(Stored records)
►

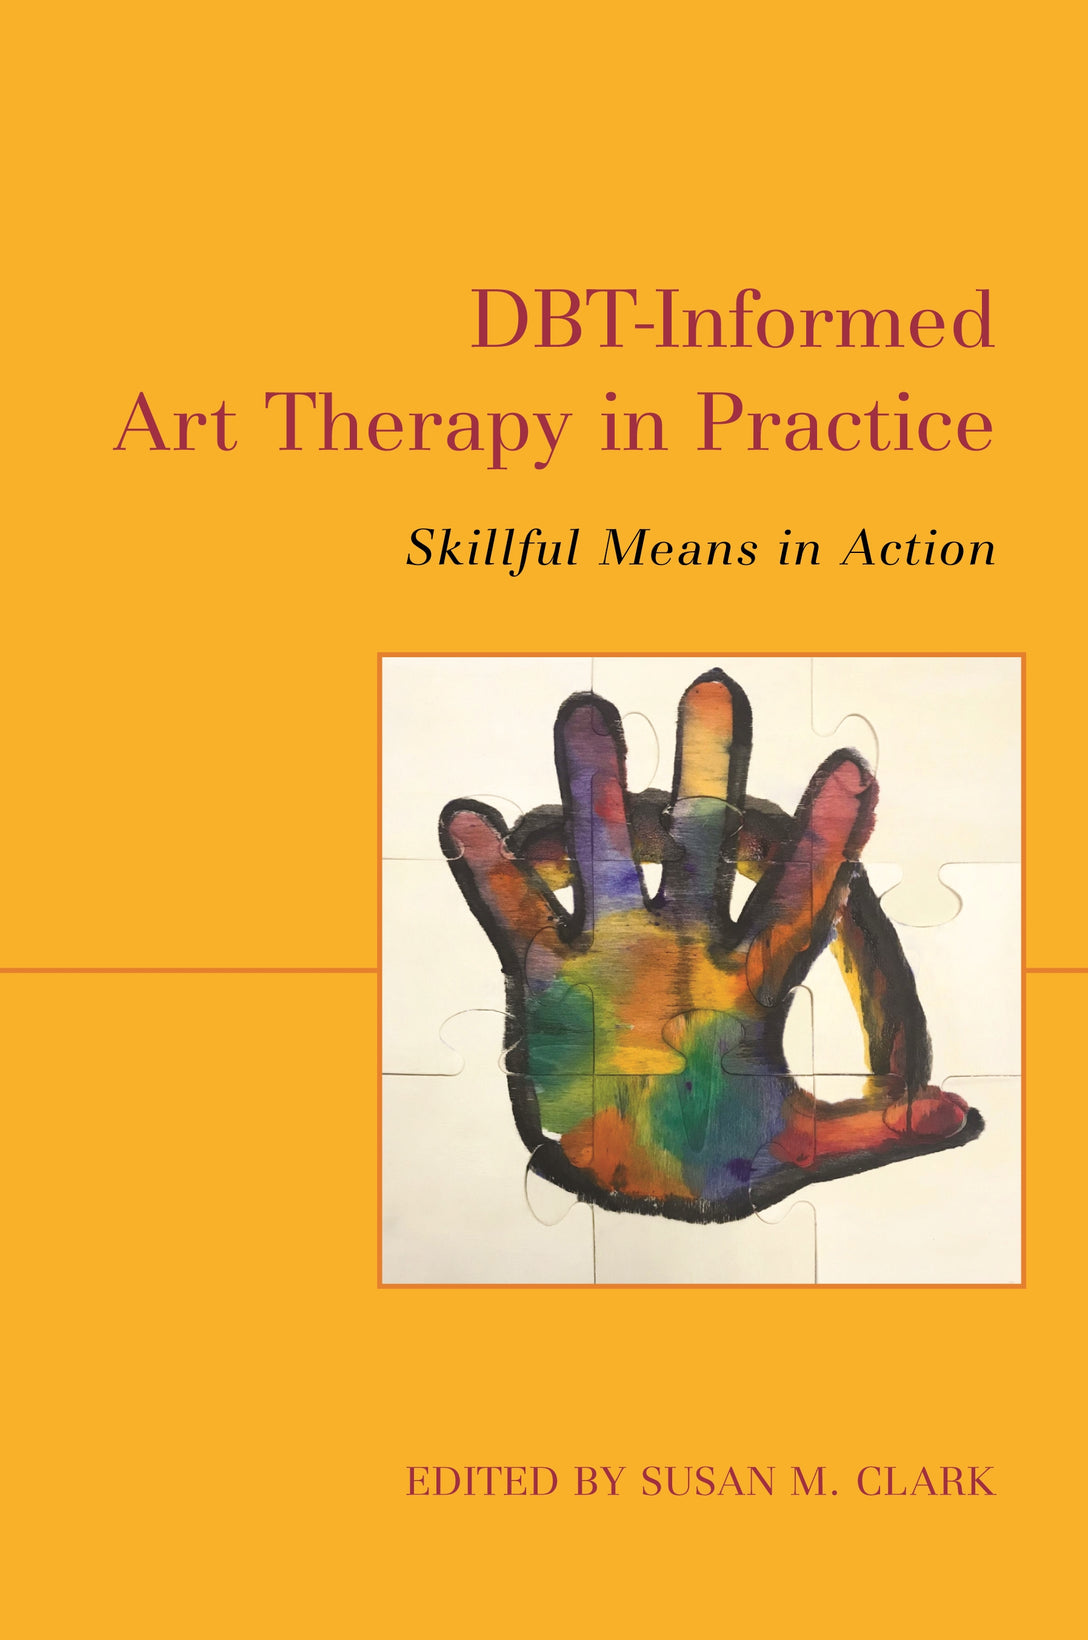 DBT-Informed Art Therapy in Practice by No Author Listed, Susan M. Clark
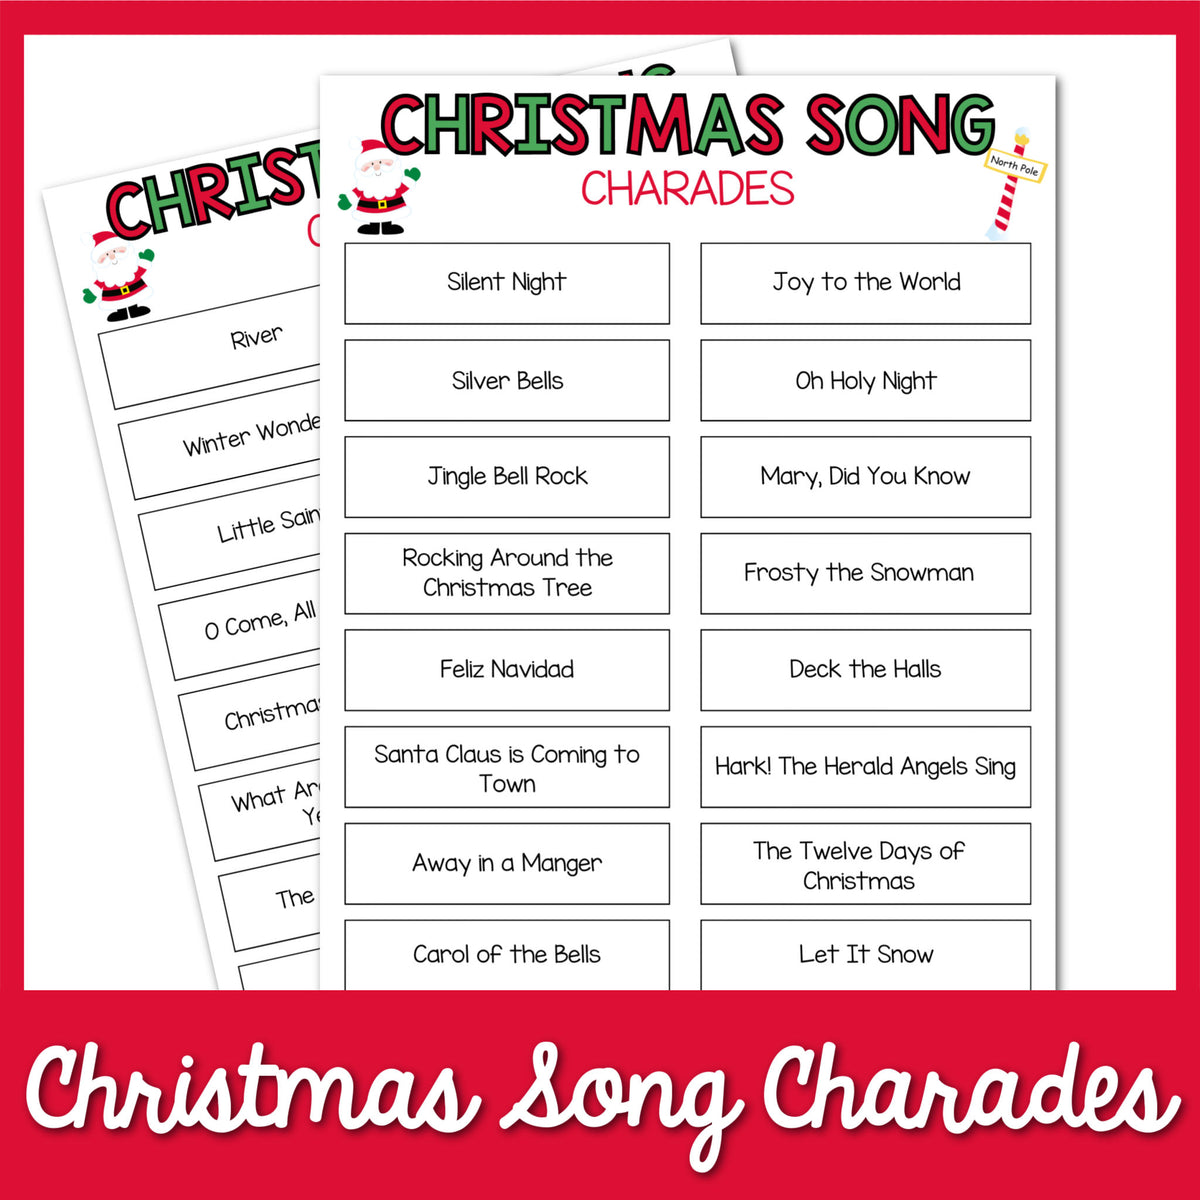 Song titles for charades 2019
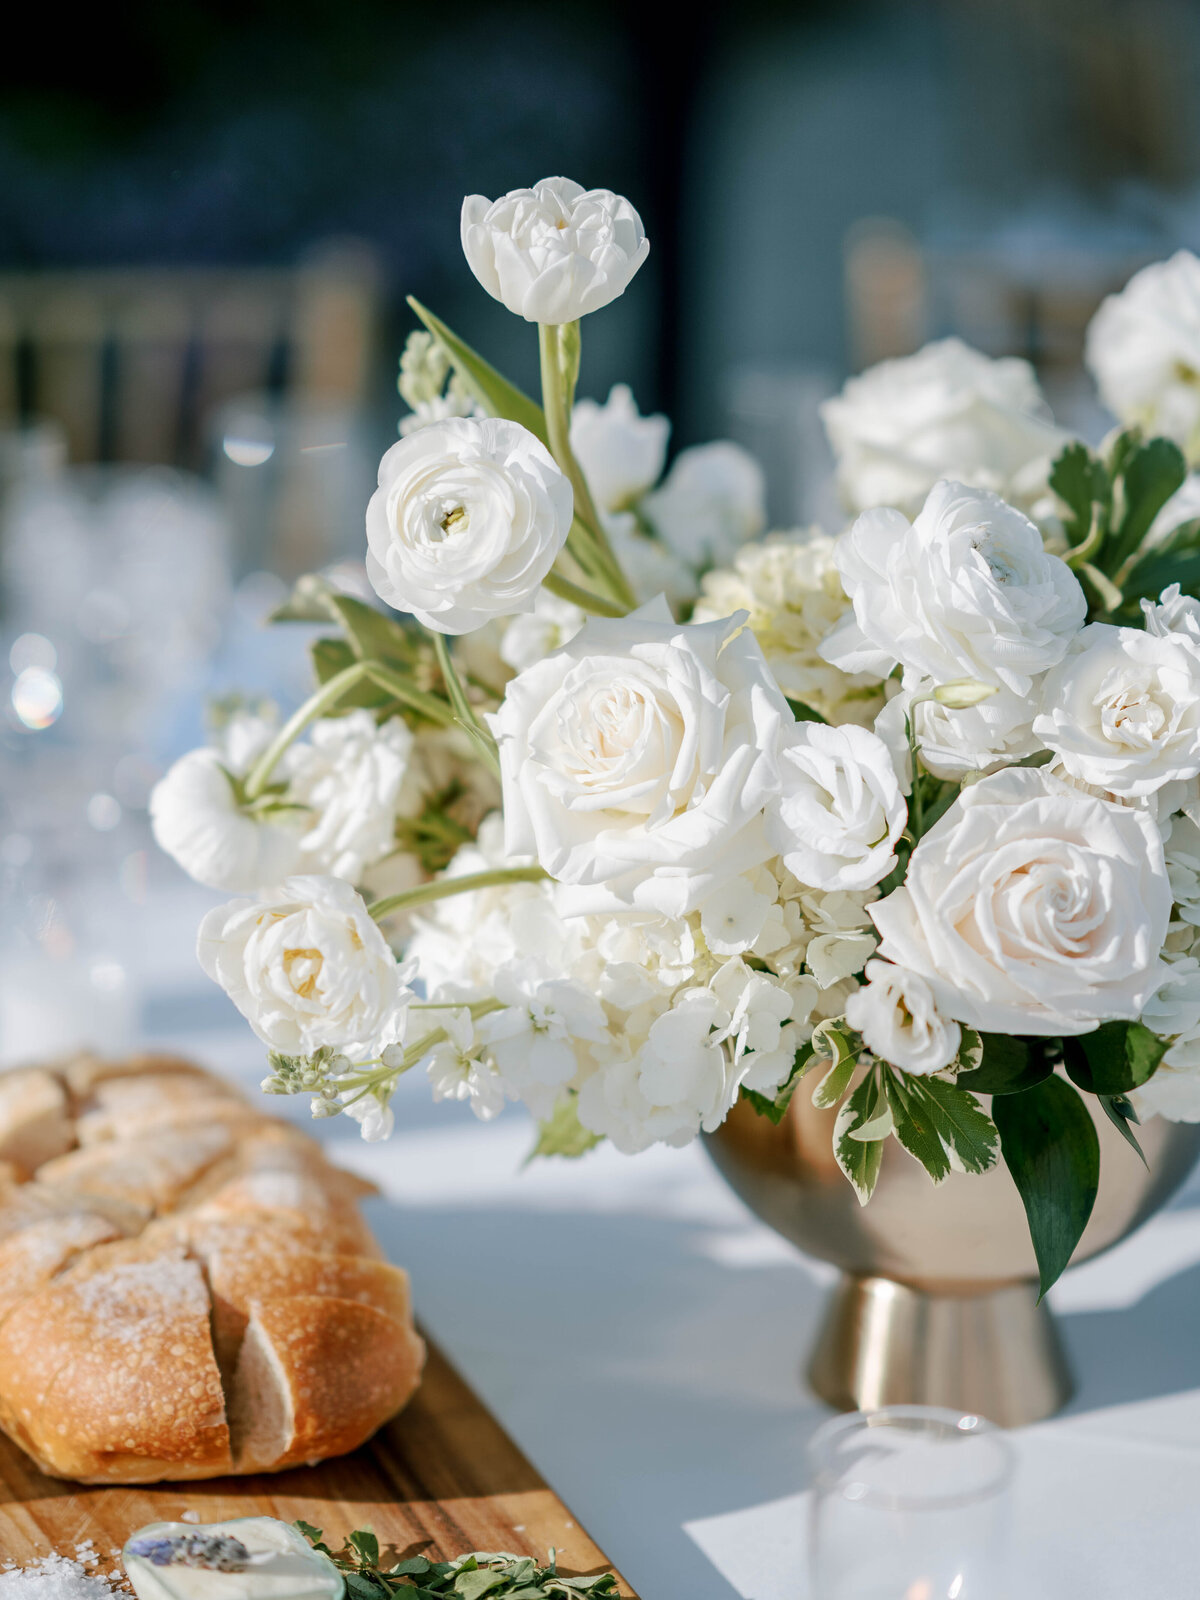 This elegant white bouquet sits in a gold vessel next to hour d'ouvres
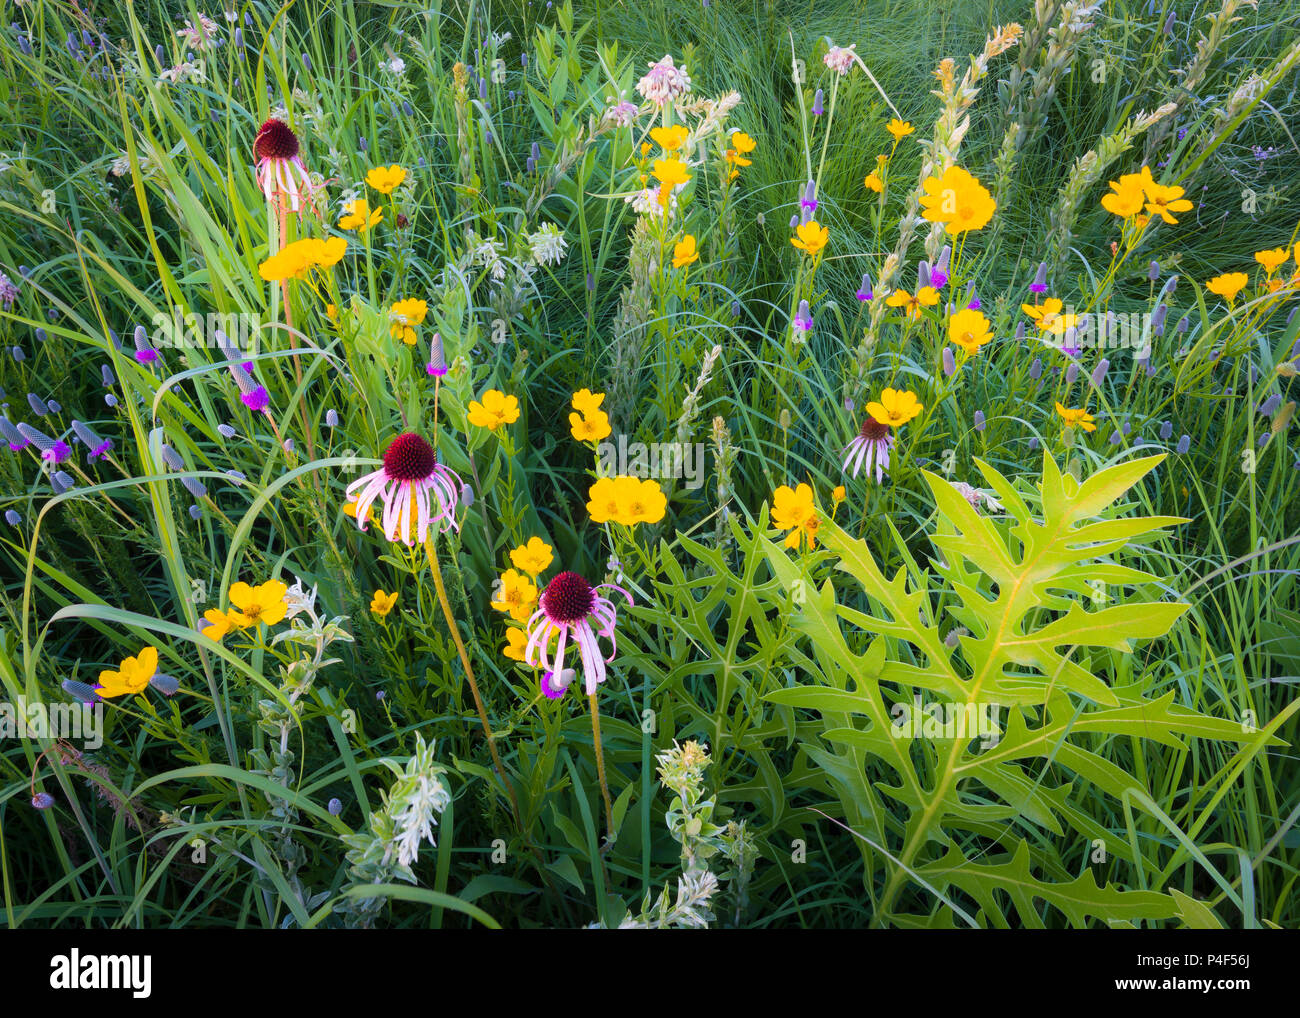 A combination of compass plant, purple coneflower, coreopsis and prairie clover create a beautiful native wildflower display at Schulenberg Prairie. Stock Photo
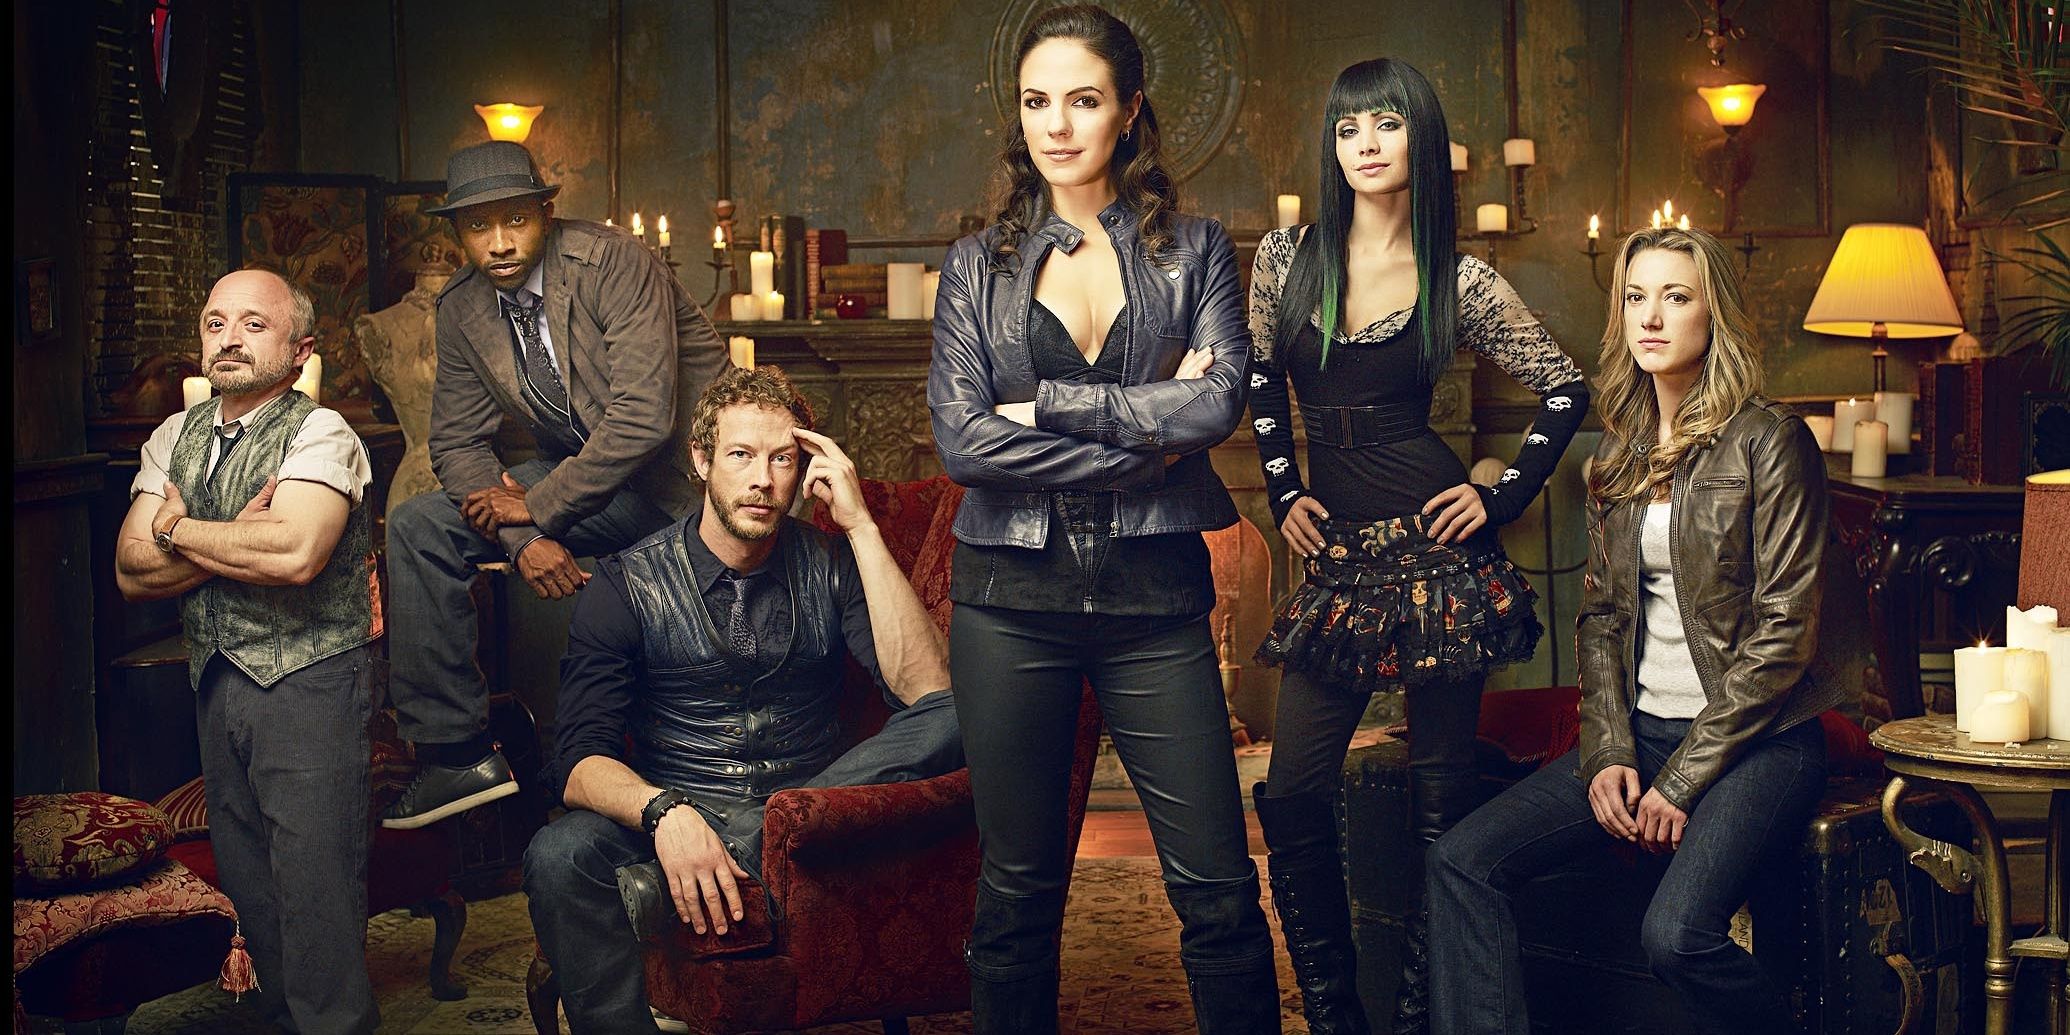 The cast of Lost Girl poses in a gothic lounge for a promotional picture

◄

◆ What is expected
Leave out the pictures, and retype exactly the lines from the one containing "This elegant white" through the final line of the data.

◆ Written answer
 This elegant white bouquet sits in a gold vessel next to hour d'ouvres
 A combination of compass plant, purple coneflower, coreopsis and prairie clover create a beautiful native wildflower display at Schulenberg Prairie. Stock Photo
 The cast of Lost Girl poses in a gothic lounge for a promotional picture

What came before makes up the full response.